1934 – The first Masters: 6,700 yards. 2018 Masters: 7,435 yards.

1913 – The 53rd Open Championship at Royal Liverpool Golf Club in Hoylake, 6,480 yards. 2014 Open Championship at Hoylake, 7,312 yards

1992 – The 74th PGA Championship at Bellerive Country Club par 71, 7,148 yards. 2018 at Bellerive, par 71, 7,547 yards.

That is a lot of evolving and changing over the last 500 years, but if you think about it, the game really hasn’t changed that much.  It’s still a simple game just as it was for Scot James Braid (1870 to 1950), who won The (British) Open Championship in 1901, ’05, ’06, ’08 and ’10: “Keep on hitting it straight until the wee ball goes in the hole.” 

Braid’s simple description is exactly why old-school lessons still have much merit:

A Blow Begins In The Feet: “When you start to hit anything from a standing position, the first tremor of movement begins in the feet, and travels via the legs, shoulders and arms to the hands. This is the actual sequence of the movement from the first moment you begin to apply power. The movement must travel via the body and arms to the hands, as there is no other means of communication.” – Kenneth Wilson, from To Better Golf in Two Strides (1938)

The Drive: “Above everything, the golfing drive is a swing, and not a hit. These are very short and simple words, and contain a truth universally admitted – universally, almost forgotten. If only a man can show practical full appreciation of their depth of meaning, he is not far from a finished driver. It may be almost termed a sweep: the ball is to be met by the club-head at a certain point in the swing, and swept away; it is not be hit at.

“But what, precisely, is the difference, it may be asked, between a hit and a sweep or swing? Just this, that the former is delivered with a jerk and with tightened muscles, the latter is a motion whose speed is gained by gradual, not jerky, acceleration, with the muscles flexible.” – Horace G. Hutchinson, from his book Golf, which was part of The Badminton Library series (1890)

The Follow-Through: “Indeed, my friend Mr. Kenyon-Stow … averred that the whole and sole virtue of the follow-through is proof that you have kept your eye upon the ball. If you don’t keep your eye upon the ball, your stroke is cut short the moment you take your eye off; it you dokeep your eye upon the ball, your stroke is not cut short and you do follow-through; because, I suppose, when the eye ceases to observe, the mind ceases to give orders.” – Arnold Haultain, from his book, The Mystery of Golf (1910)

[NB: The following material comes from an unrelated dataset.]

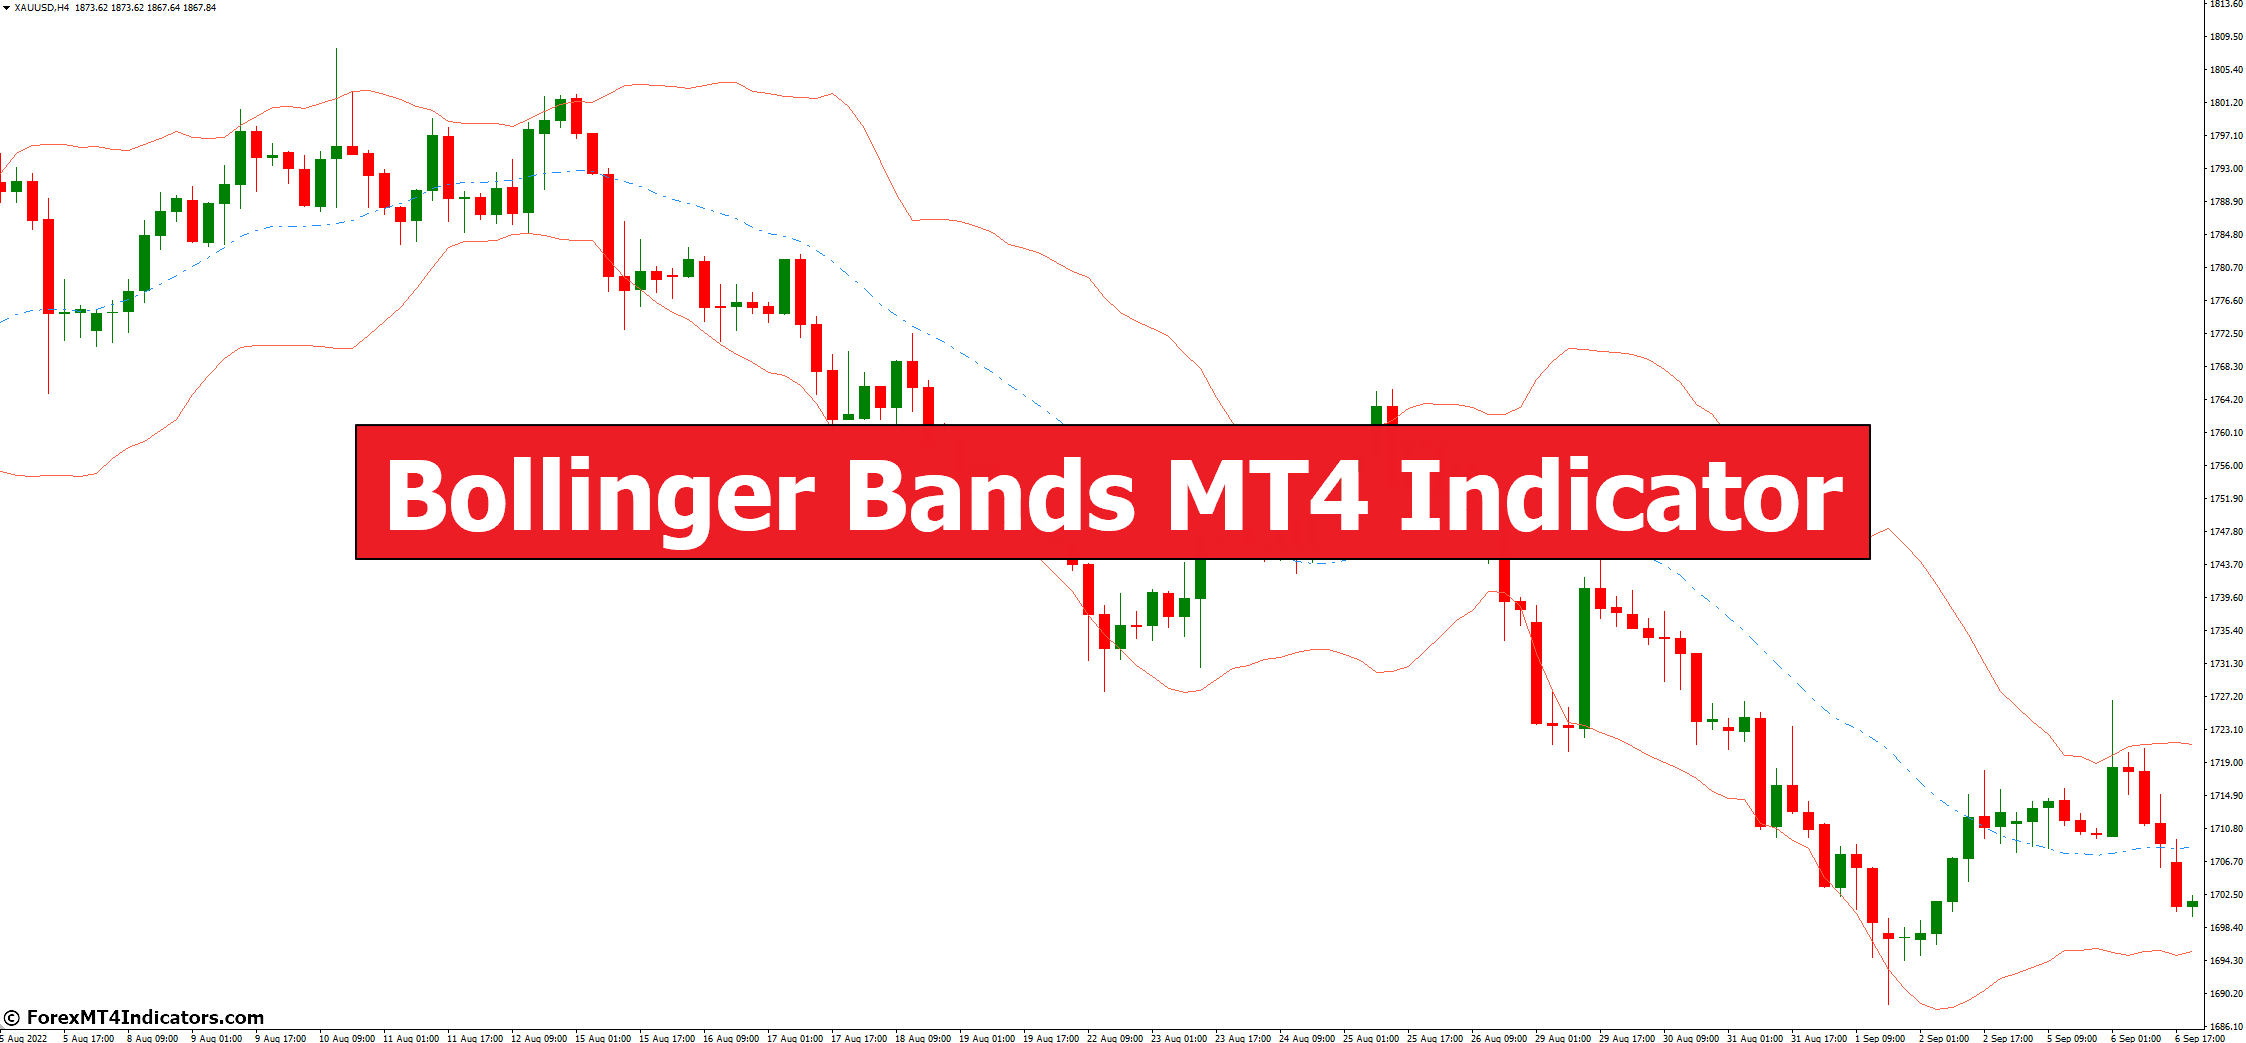 Bollinger Bands MT4 Indicator

The Topped Shot: “This annoying accident is mainly cause by the golfer trying to lift the ball into the air with a body action, or by a flick of the wrists.

 “A topped ball is seldom hit on top, as the differ imagines. It actually is hit above center after the clubhead has reached the lowest point in the downswing and has begun to ascend.” – Sam Snead, from his book, How to Play Golf (1946)

Putting: “Remember that the hole is large if played for boldly.

“Do not jerk the stroke, a fault usually resulting from a fear of sending the ball too far, and remember that the secret of good putting, as in good driving, is the follow-through.

“Do not be in a hurry to see if the ball is going into the hole. By lifting the eye too soon, one is apt to change the direction of the swing.”

– O. K. Niblick, from his book Hints to Golfers (1902)

Play Away!
Allan (My Index is 10.5, which translates to a 12 handicap on my home course.)